*** Provided data ***

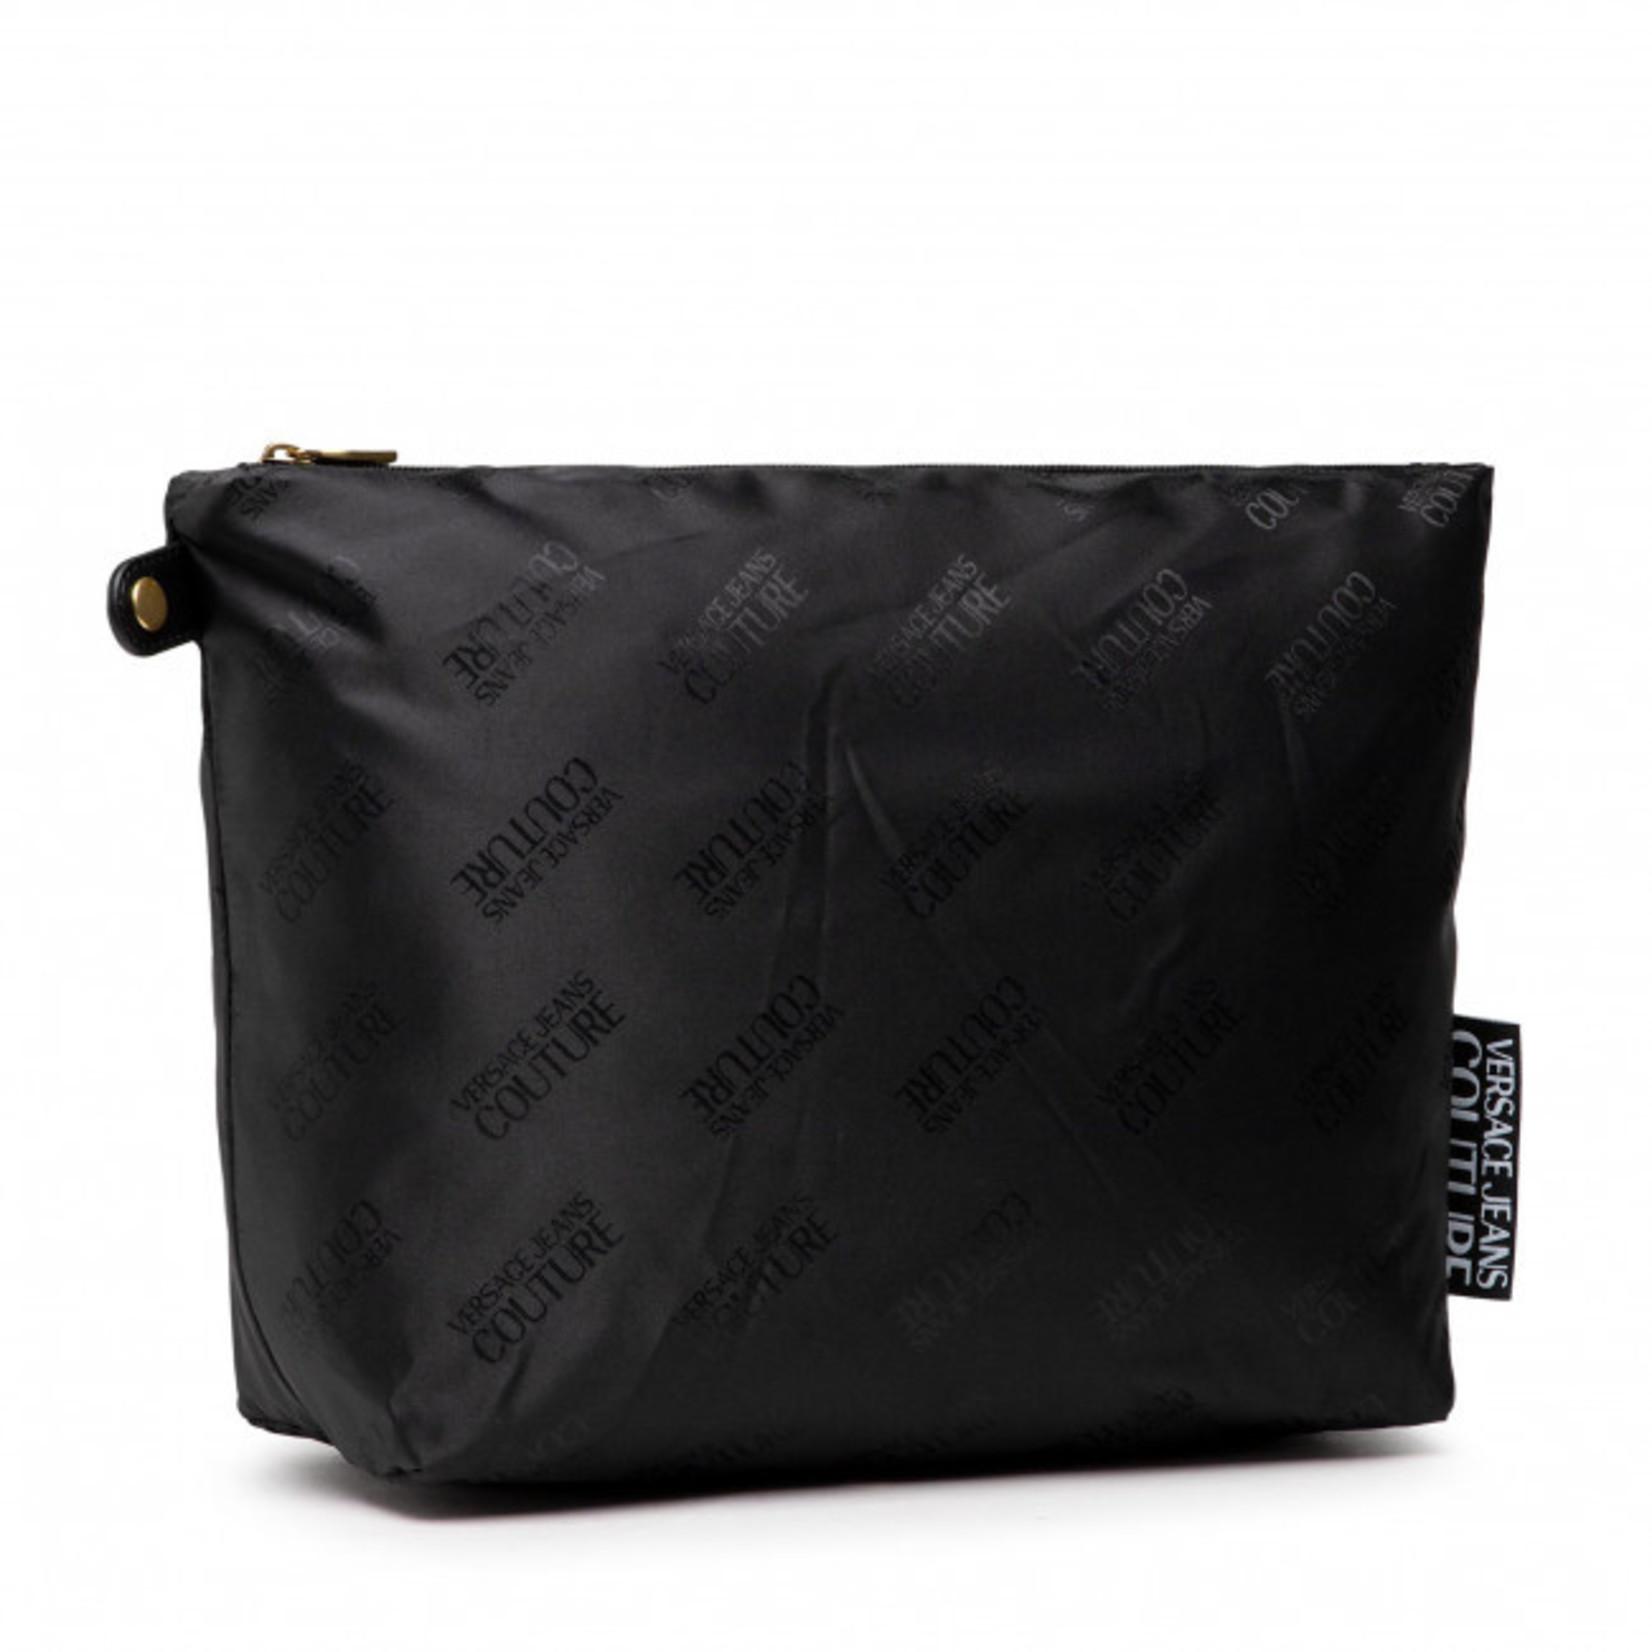 VERSACE JEANS COUTURE VERSACE JEANS COUTURE WOMEN'S BAG RANGE 4 STRIPE PATCHWORK - 71VA4B46
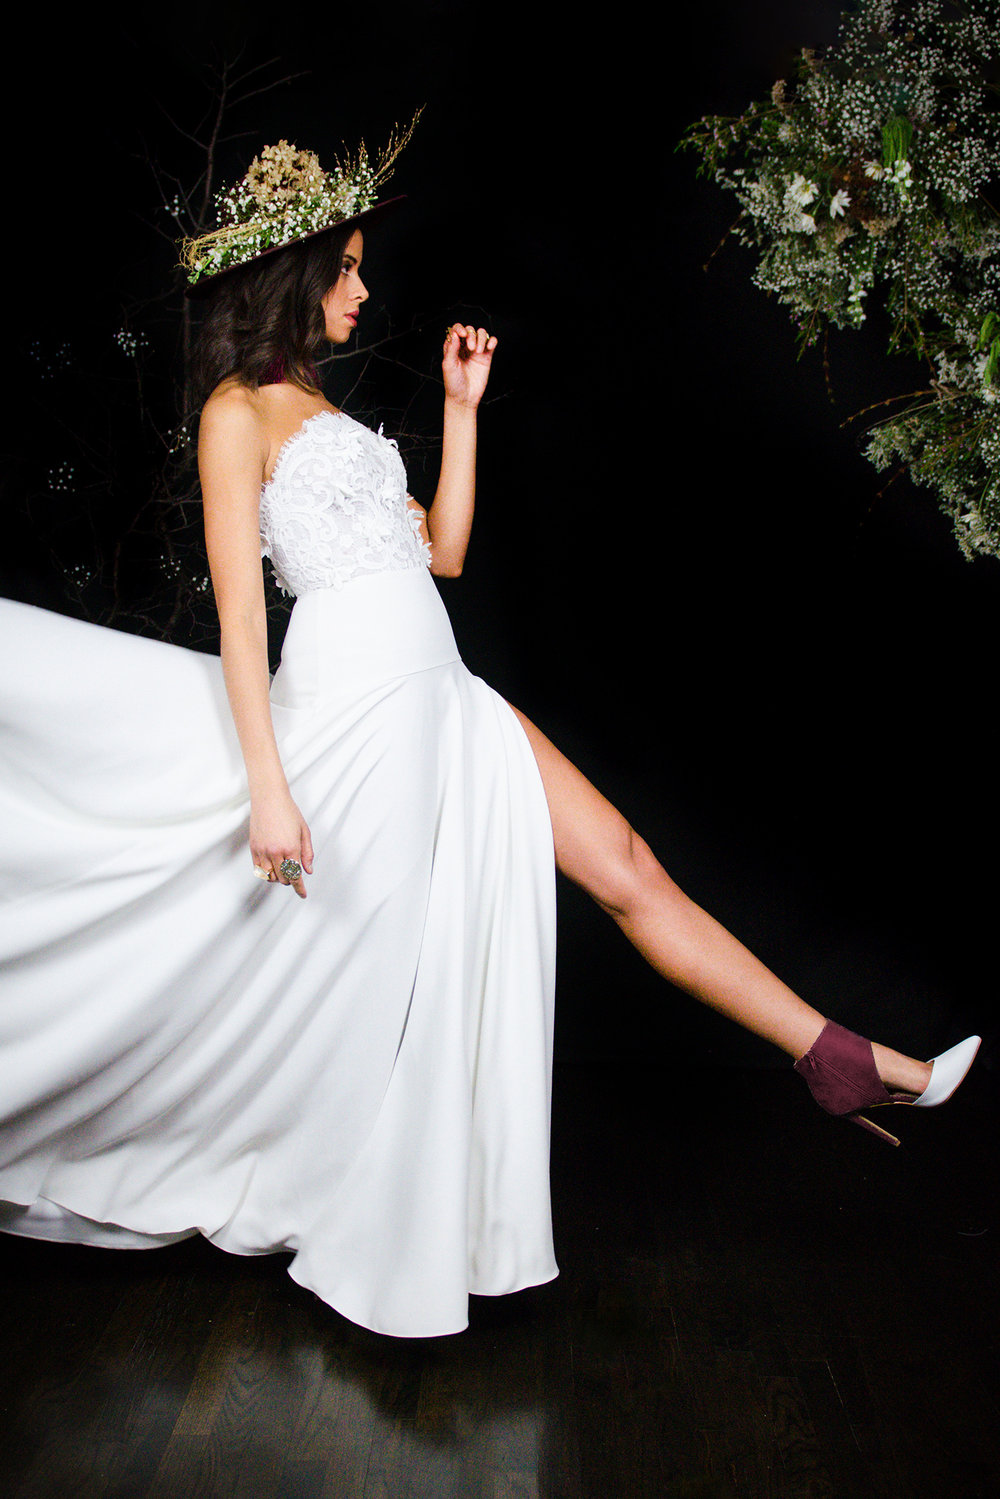 sv-bridal-whisky and diamonds-jackson-02.jpg
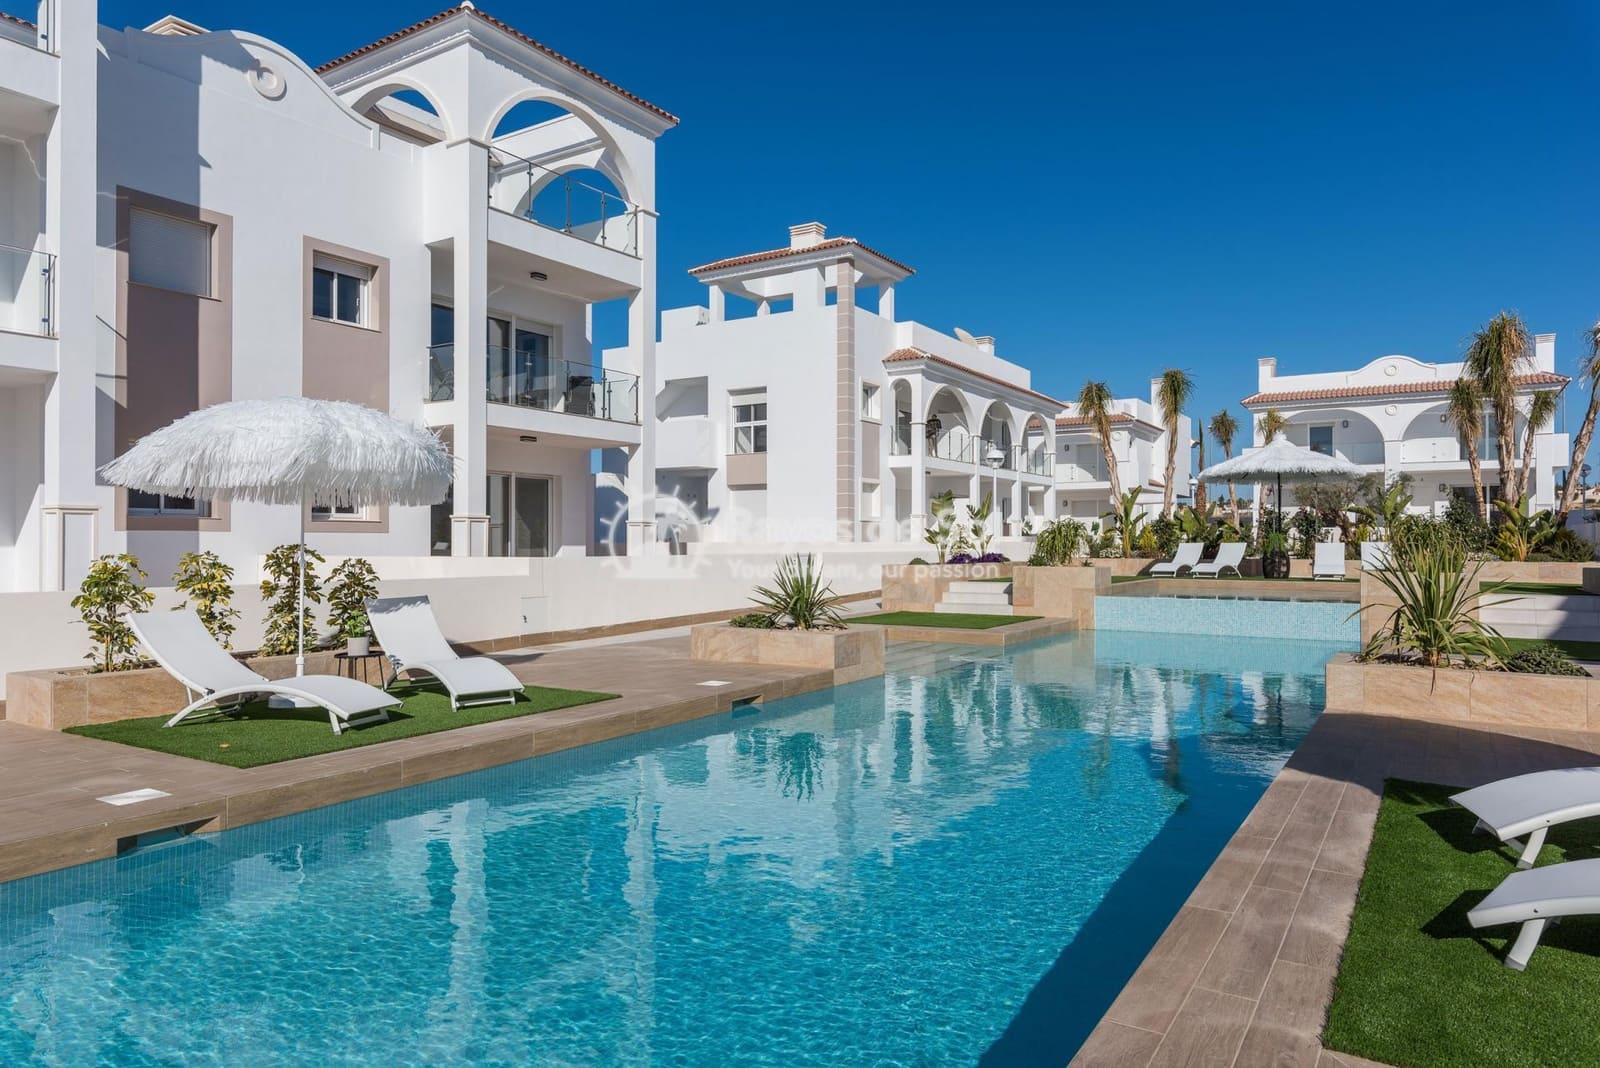 3 bedroom Apartment for sale in Ciudad Quesada with pool - € 286,550 (Ref: 5394977)

*** End of Provided data ***

» Action item: Give back all of the data exactly, but not the pictures.

» Answer to this exercise:
 VERSACE JEANS COUTURE VERSACE JEANS COUTURE WOMEN'S BAG RANGE 4 STRIPE PATCHWORK - 71VA4B46
 sv-bridal-whisky and diamonds-jackson-02.jpg
 3 bedroom Apartment for sale in Ciudad Quesada with pool - € 286,550 (Ref: 5394977)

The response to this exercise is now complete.